Note the drop off at the end of the date range. This is because we don’t yet know the outcome of the most recently recorded cases. Generally, while we have been successful in lowering the fatality rate of this disease, the duration from onset to death for those cases which are fatal has not changed much, at least in Ohio.

Since we have the actual number of deaths associated with every onset date we can calculate the “true” fatality rate. As mentioned, the fatality rate of the more recent cases is not yet known. Also the data is too sparse at the front of the series so we cut off the head and the tail of the data.

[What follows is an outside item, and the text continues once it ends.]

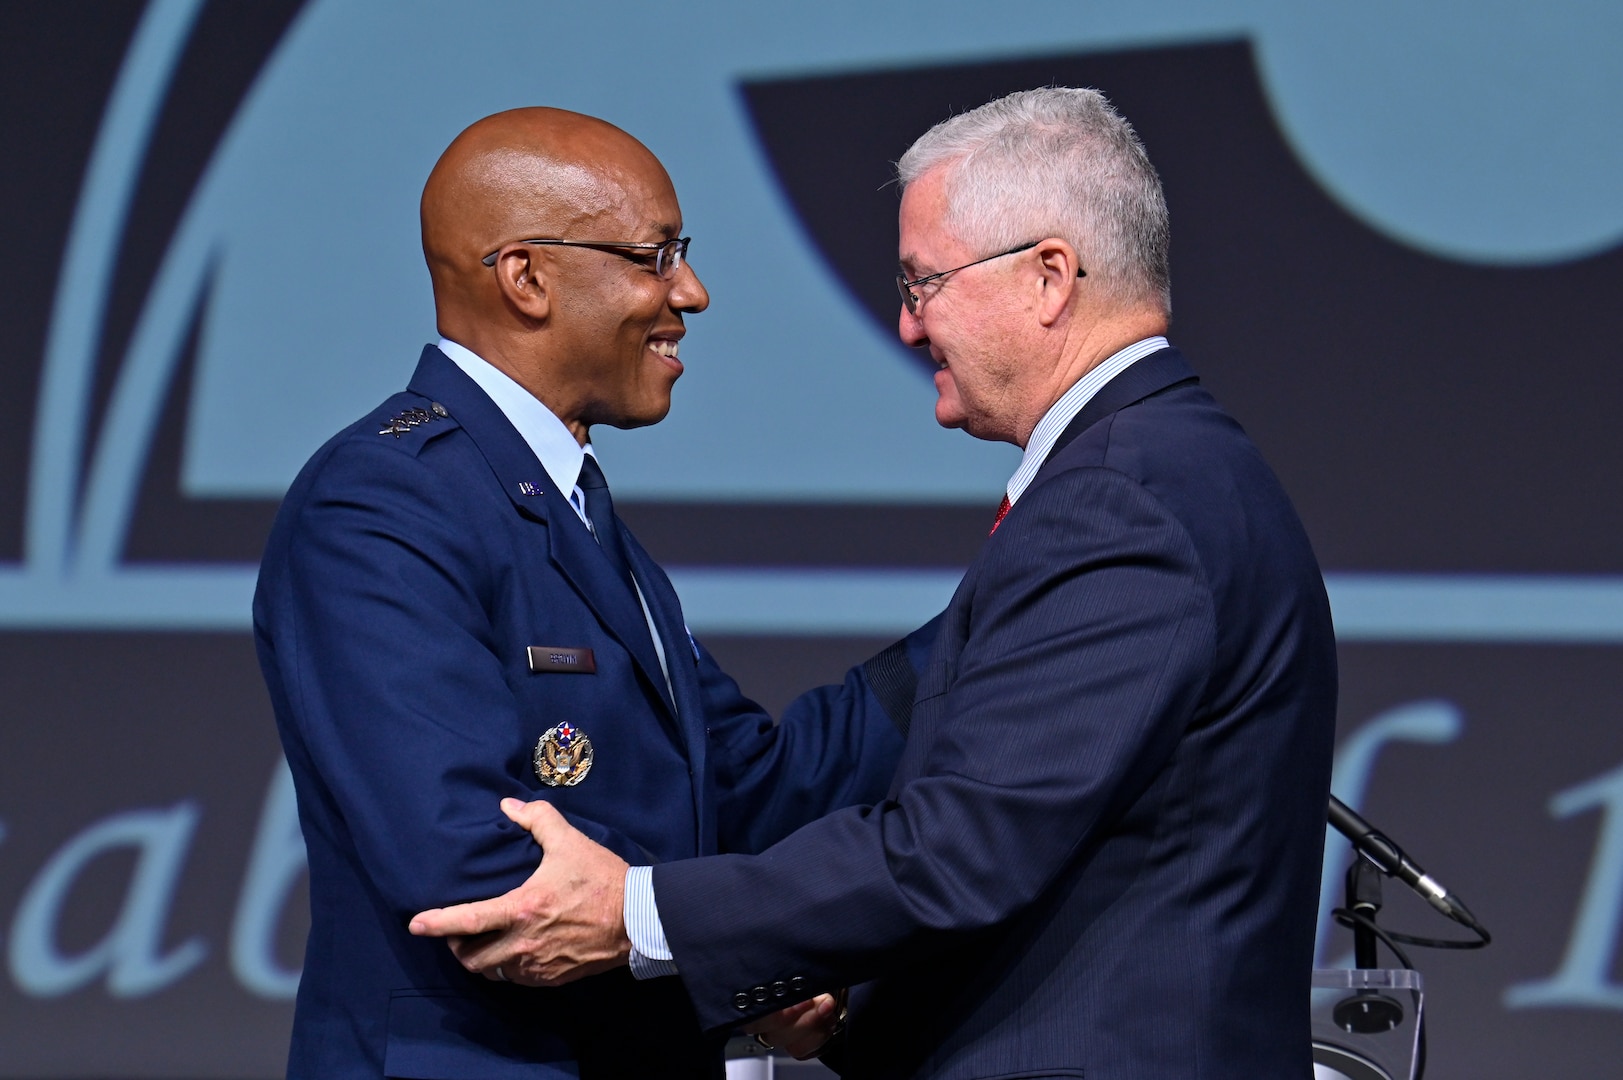 Air Force Chief of Staff Gen. CQ Brown, Jr. greets Gerald Murray, Air and Space Forces Association chairman of the board, after Brown delivered a keynote address on the state of the Air Force during the 2022 Air and Space Forces Association’s Air, Space and Cyber Conference in National Harbor, Md., Sept. 19, 2022. (U.S. Air Force photo by Eric Dietrich)

ohio_fatality_rate <- ohio %>%
group_by(onset_date) %>%
summarize(case_count = sum(case_count),
death_count = sum(death_count),.groups="drop") %>%
mutate(fatality_rate = death_count/case_count) %>%
mutate(fatality_rate_7day = mean_roll_7(fatality_rate)) %>%
# filter out most recent cases we we don't know outcome yet
filter(onset_date < max(onset_date)-30)

ohio_fatality_rate %>%
filter(onset_date > as.Date("2020-04-15")) %>%
ggplot(aes(onset_date,fatality_rate_7day)) + geom_line() +
geom_smooth() +
labs(x="Illness Onset Date",y="Ohio Fatality Rate",
caption = "Source: State of Ohio, Arthur Steinmetz",
title = "Ohio Fatality Rate as a Percentage of Tracked Cases") +
scale_y_continuous(labels = scales::percent,breaks = seq(0,0.12,by=.01))

The fatality rate in Ohio seems to have been worse than our national model but it is coming down. Again, this result comes from a different methodology than our proxy model.

# Conclusion

Among the vexing aspects of this terrible pandemic is that we don’t know what the gold standard is for treatment and prevention. We are learning as we go. The good news is we ARE learning. For a data analyst the challenge is the evolving relationship of of all of the disparate data. Here we have gotten some insight into the duration between a positive test and mortality. We can’t have high confidence that our proxy model using aggregate cases is strictly accurate because the longitudinal data from Ohio shows a different lag. We have clearly seen that mortality has been declining but our model suggests that death will nonetheless surge along with the autumn surge in cases.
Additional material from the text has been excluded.